EXERCISE DATA –
+ + +

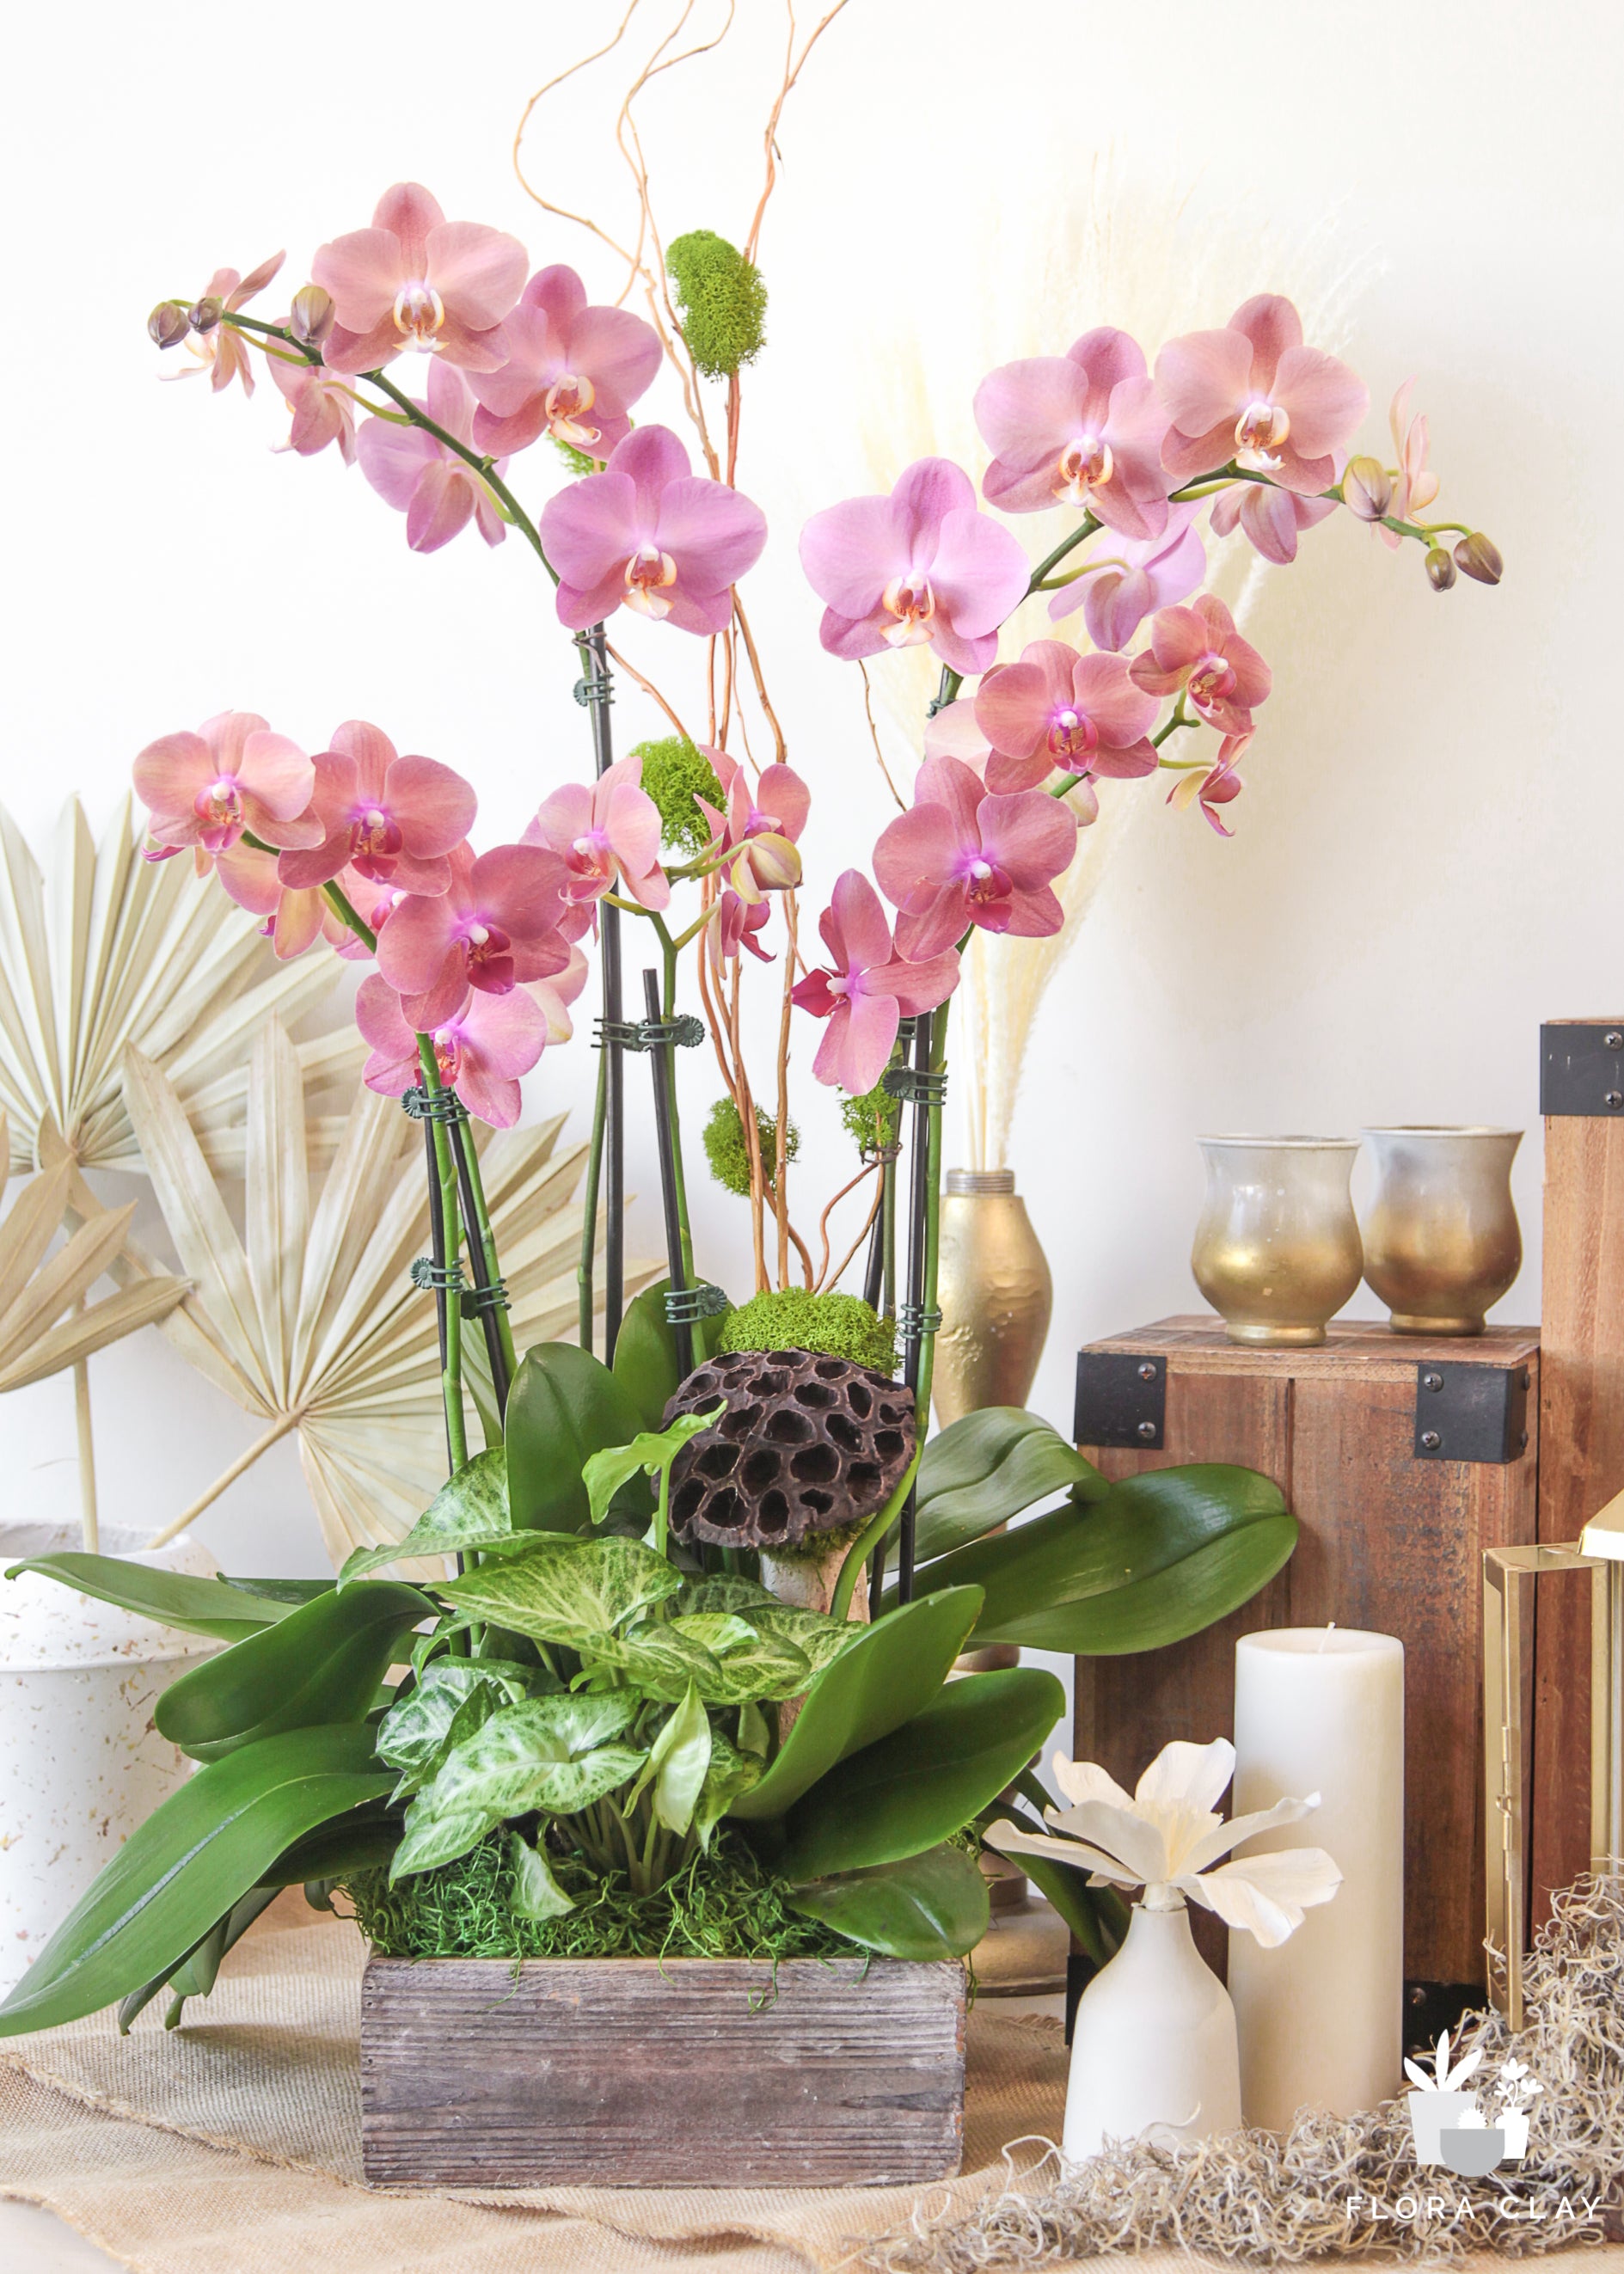 sweater-weather-orchid-arrangement-floraclay-2.jpg
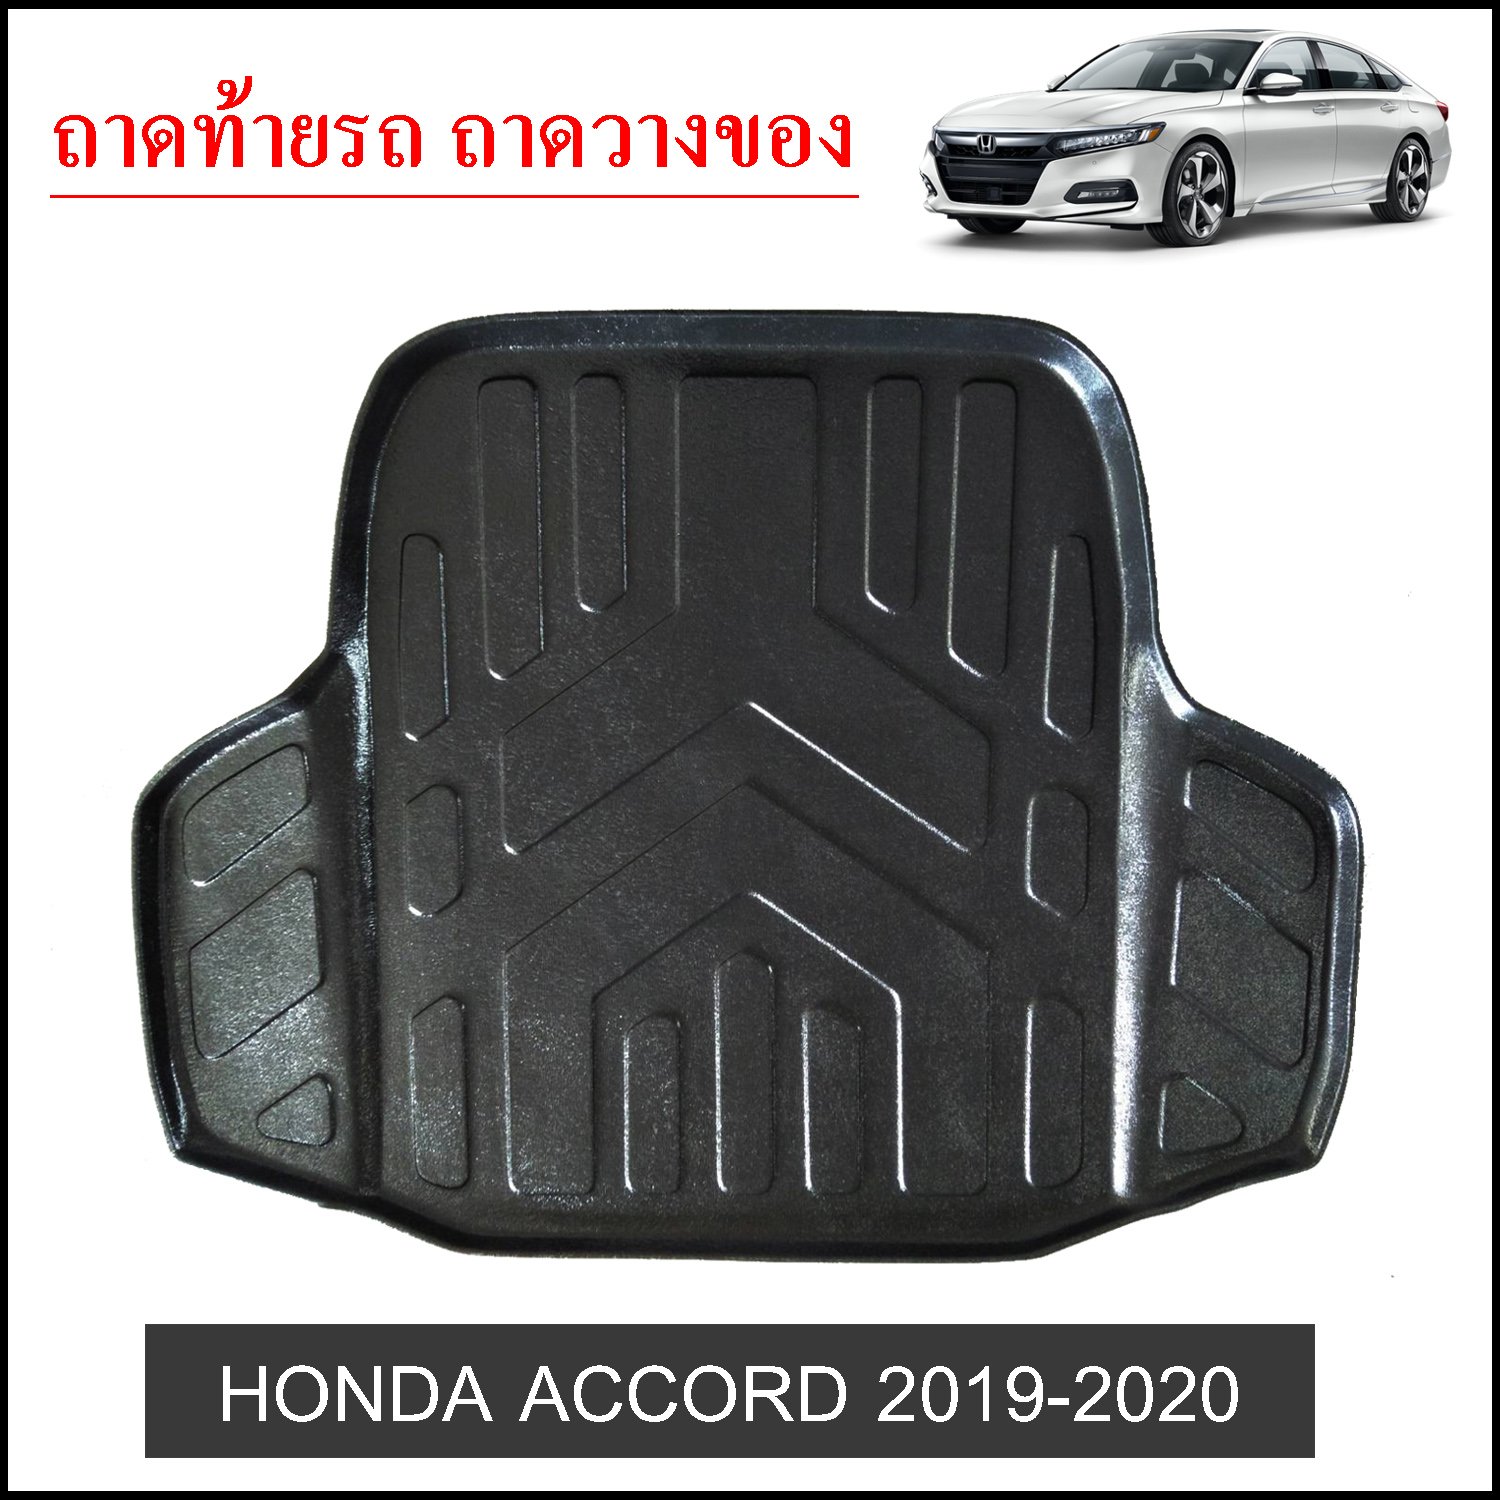 Honda Accord 2019-2020
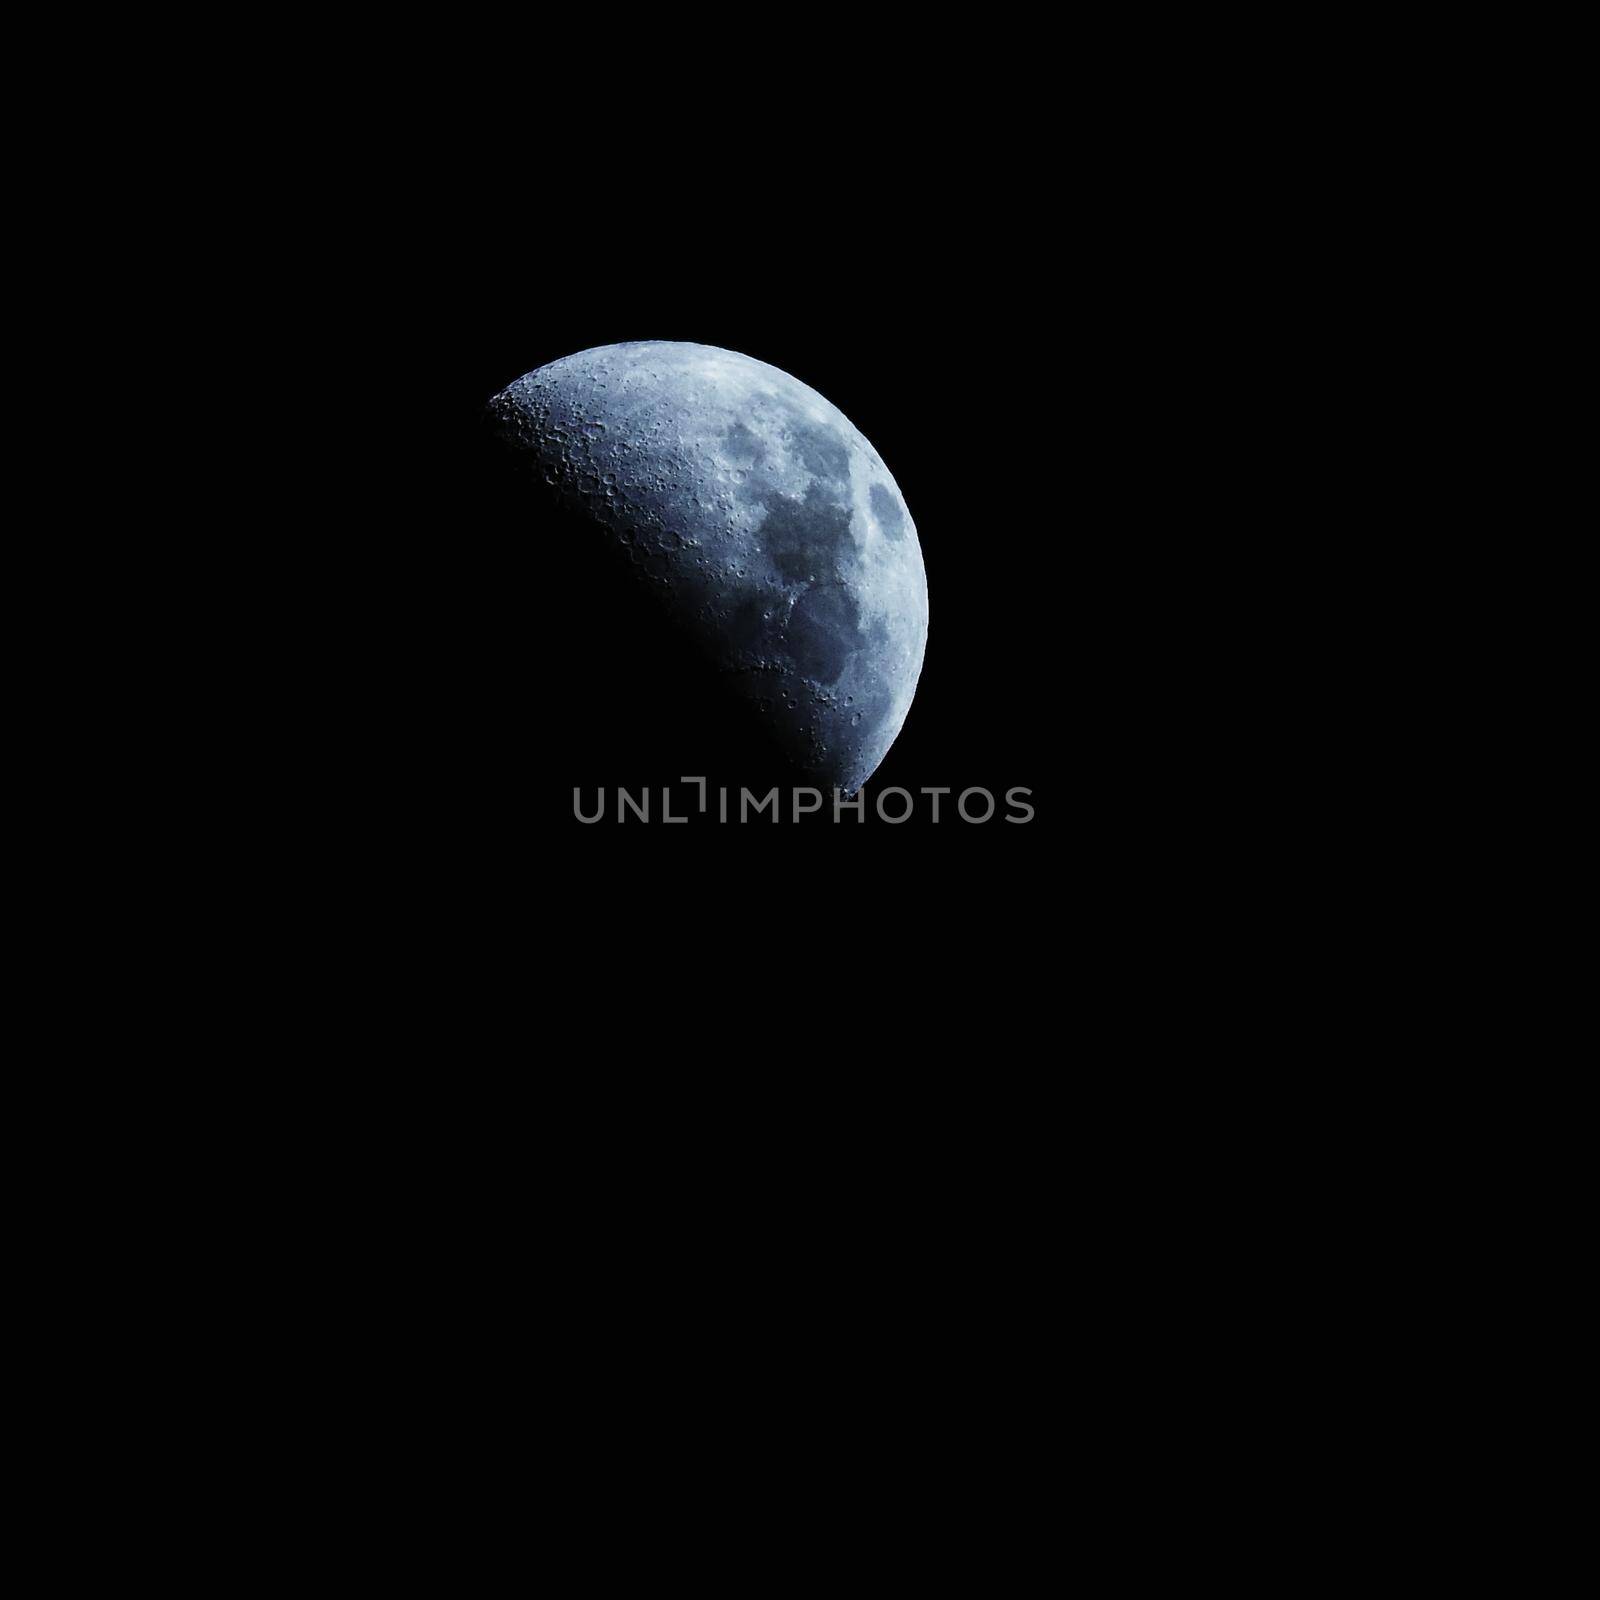 Moon over dark black sky at night by Montypeter

+ + +

EXERCISE REQUIREMENTS – Go through the listing and restate each line word for word, leaving out the pictures.

ANSWER SPACE –
 sweater-weather-orchid-arrangement-floraclay-2.jpg
 Honda Accord 2019-2020
 Moon over dark black sky at night by Montypeter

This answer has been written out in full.